Note 11: Employee Benefit Plan

        The Company has a defined contribution retirement plan covering
        substantially all employees. Employees who elect to participate may
        contribute a percentage of their salaries to the plan. The Company may
        make contributions to the plan at the discretion of its Board of
        Directors. No contributions to the plan were made by the Company during
        the years ended June 30, 2002, 2001 or 2000.



Note 12: Operating Leases

        Noncancelable operating leases, which cover office space and various
        equipment, expire in various years through 2017. These leases generally
        contain renewal options for periods ranging from one to five years and
        require the Company to pay all executory costs (property taxes,
        maintenance and insurance).

        Future minimum lease payments (in thousands) at June 30, 2002, were:

           2003                                       $     1,118
           2004                                             1,072
           2005                                               934
           2006                                               915
           2007                                               878
           Thereafter                                       6,239
                                                      -----------

           Future minimum lease payments              $    11,156
                                                      ===========


Note 13: Futures and Forward Contracts and Change in Accounting Principle

        The Company enters into purchase and sale commitments under supply
        contracts and similar agreements with other parties that typically have
        a term of less than one year. As of June 30, 2002 and 2001, the Company
        had approximately $2.2 million and $5.5 million, respectively, in
        outstanding commitments to purchase LP gas for inventory. The Company
        also had outstanding commitments to sell approximately 0 gallons and 2.1
        million gallons of LP gas at June 30, 2002 and 2001, respectively.

        The Company also uses commodity futures contracts to reduce the risk of
        price fluctuations for liquefied propane (LP) gas purchase and sale
        commitments. As of June 30, 2002 and 2001, the Company had no open
        positions on commodity futures contracts for LP gas.

        On July 1, 2000, the Company adopted the provisions of Financial
        Accounting Standards Board Statements (SFAS) Nos. 133 and 138, which
        establish accounting and reporting standards for derivative instruments.
        SFAS 133 and 138 require most derivative instruments to be reflected as
        assets or liabilities in the balance sheet at their fair values with
        changes in fair values reflected in net income (or accumulated other
        comprehensive income if the criteria for cash flow hedge accounting are
        met). An exception to application of the requirements is provided for
        derivative instruments that meet the criteria of normal purchases/normal
        sales set forth in the new standards and are, therefore, not recognized.

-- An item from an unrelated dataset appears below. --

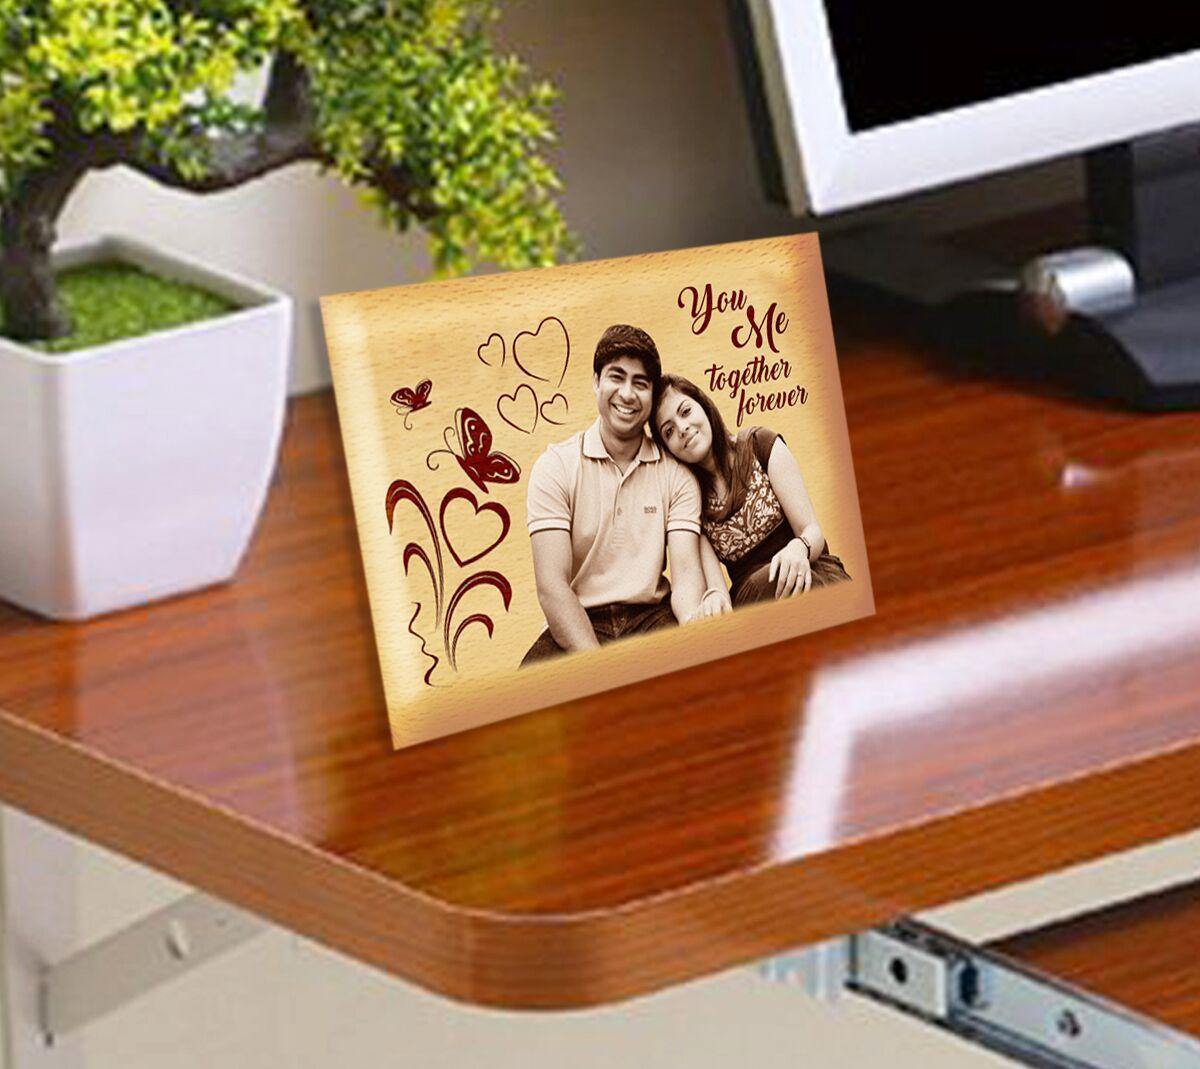 Buy Presto Gift For Boyfriend Or Girlfriend Love Gift Anniversary Gift BirtHDay Gift Valentine's

                                                                              21


        Derivative financial instruments held by the Company consist of the
        forward purchase and sales contracts and the commodity futures contracts
        discussed above. Certain of the forward purchase and sales contracts
        meet the normal purchases/normal sales criteria and are not recognized
        in the financial statements. The remainder of the forward purchase and
        sales contracts and all of the commodity futures contracts are
        recognized in the financial statements as the Company has elected not to
        apply the hedge accounting provisions of the new standards to those
        instruments.

        At July 1, 2000, initial adoption of the new standards resulted in
        recognition of derivative financial instruments as assets and
        liabilities in the amounts of $3.1 million and $1.6 million,
        respectively, and a cumulative effect adjustment of $940,000, net of
        applicable income taxes. No disclosure of the pro forma effects as if
        the new standards had been applied retroactively to prior periods is
        made as such effects are immaterial. Application of the new standards
        have resulted in recognition of a gain of $42,000 on forward and futures
        contracts for 2002 and a loss of $506,000 for 2001.

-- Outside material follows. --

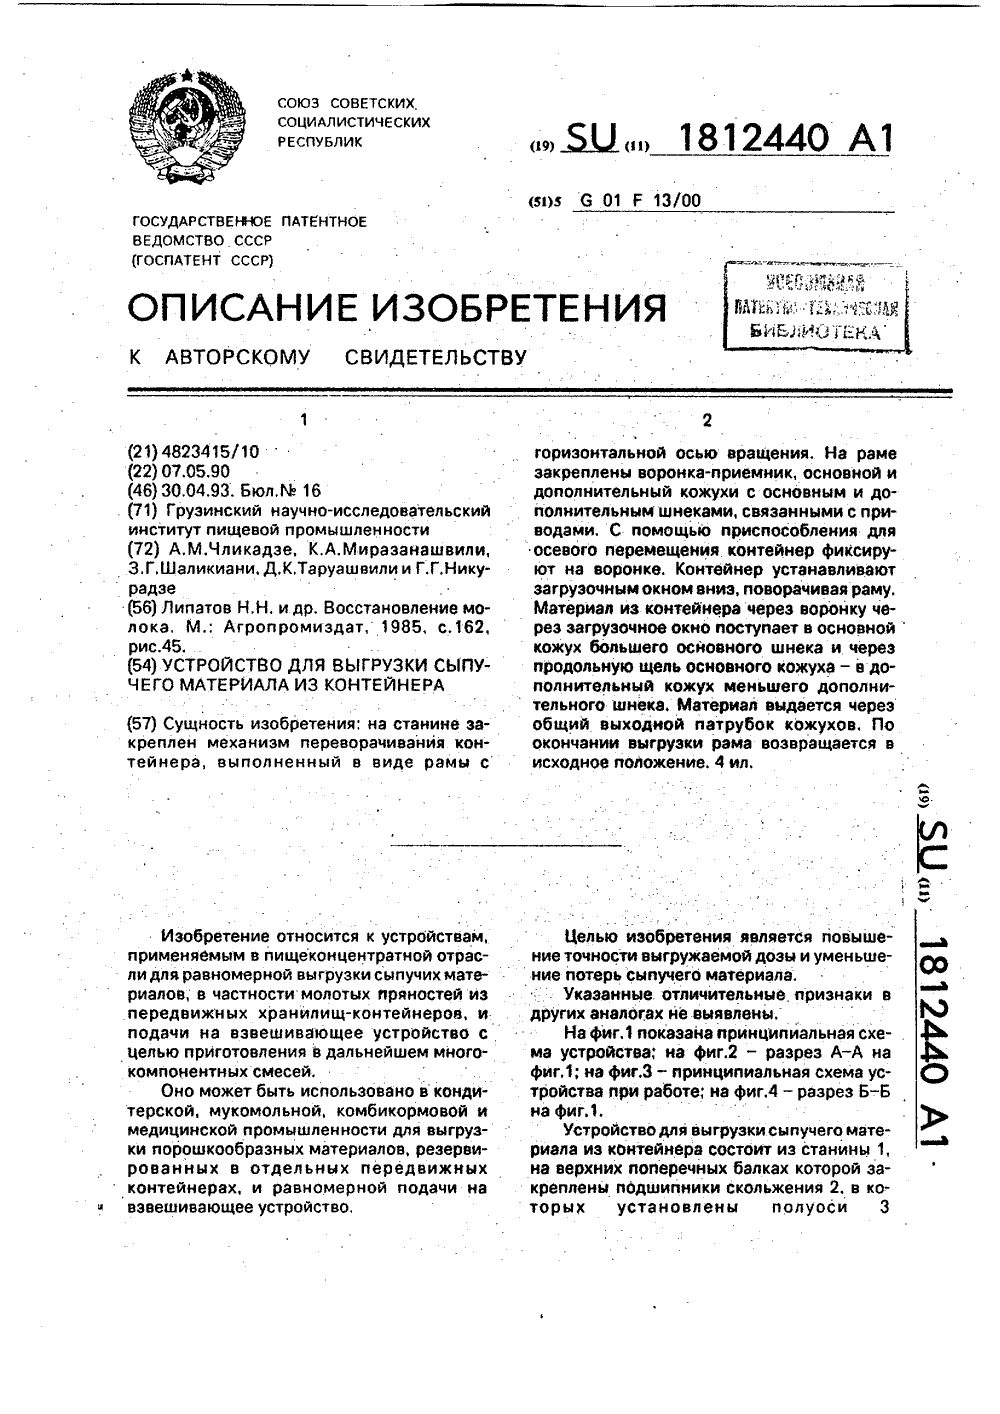 1,1-дихлор-2,2-бис(4-хлорфенил)этилен

Note 14: Significant Estimates and Concentrations

        Generally accepted accounting principles require disclosure of certain
        significant estimates and current vulnerabilities due to certain
        concentrations. Those matters include the following:


    Estimates

        Significant estimates related to self-insurance, goodwill amortization,
        litigation, collectibility of receivables and income tax assessments are
        discussed in Notes 1, 4 and 9. Actual losses related to these items
        could vary materially in the near term from amounts reflected in the
        financial statements.



Note 15: Disclosures About Fair Value of Financial Instruments

        The following methods were used to estimate the fair value of financial
        instruments. The fair values of certain of these instruments were
        calculated by discounting expected cash flows, which method involves
        significant judgments by management and uncertainties. Fair value is the
        estimated amount at which financial assets or liabilities could be
        exchanged in a current transaction between willing parties, other than
        in a forced or liquidation sale. Because no market exists for certain of
        these financial instruments and because management does not intend to
        sell these financial instruments, the Company does not know whether the
        fair values shown below represent values at which the respective
        financial instruments could be acquired or sold individually or in the
        aggregate.

                                                                              22



    Notes Receivable

        Fair value is estimated by discounting the future cash flows using the
        rates at which similar notes would be written for the same remaining
        maturities.


    Forward Purchase and Forward Sale Contracts

        Fair value is based on quoted market prices.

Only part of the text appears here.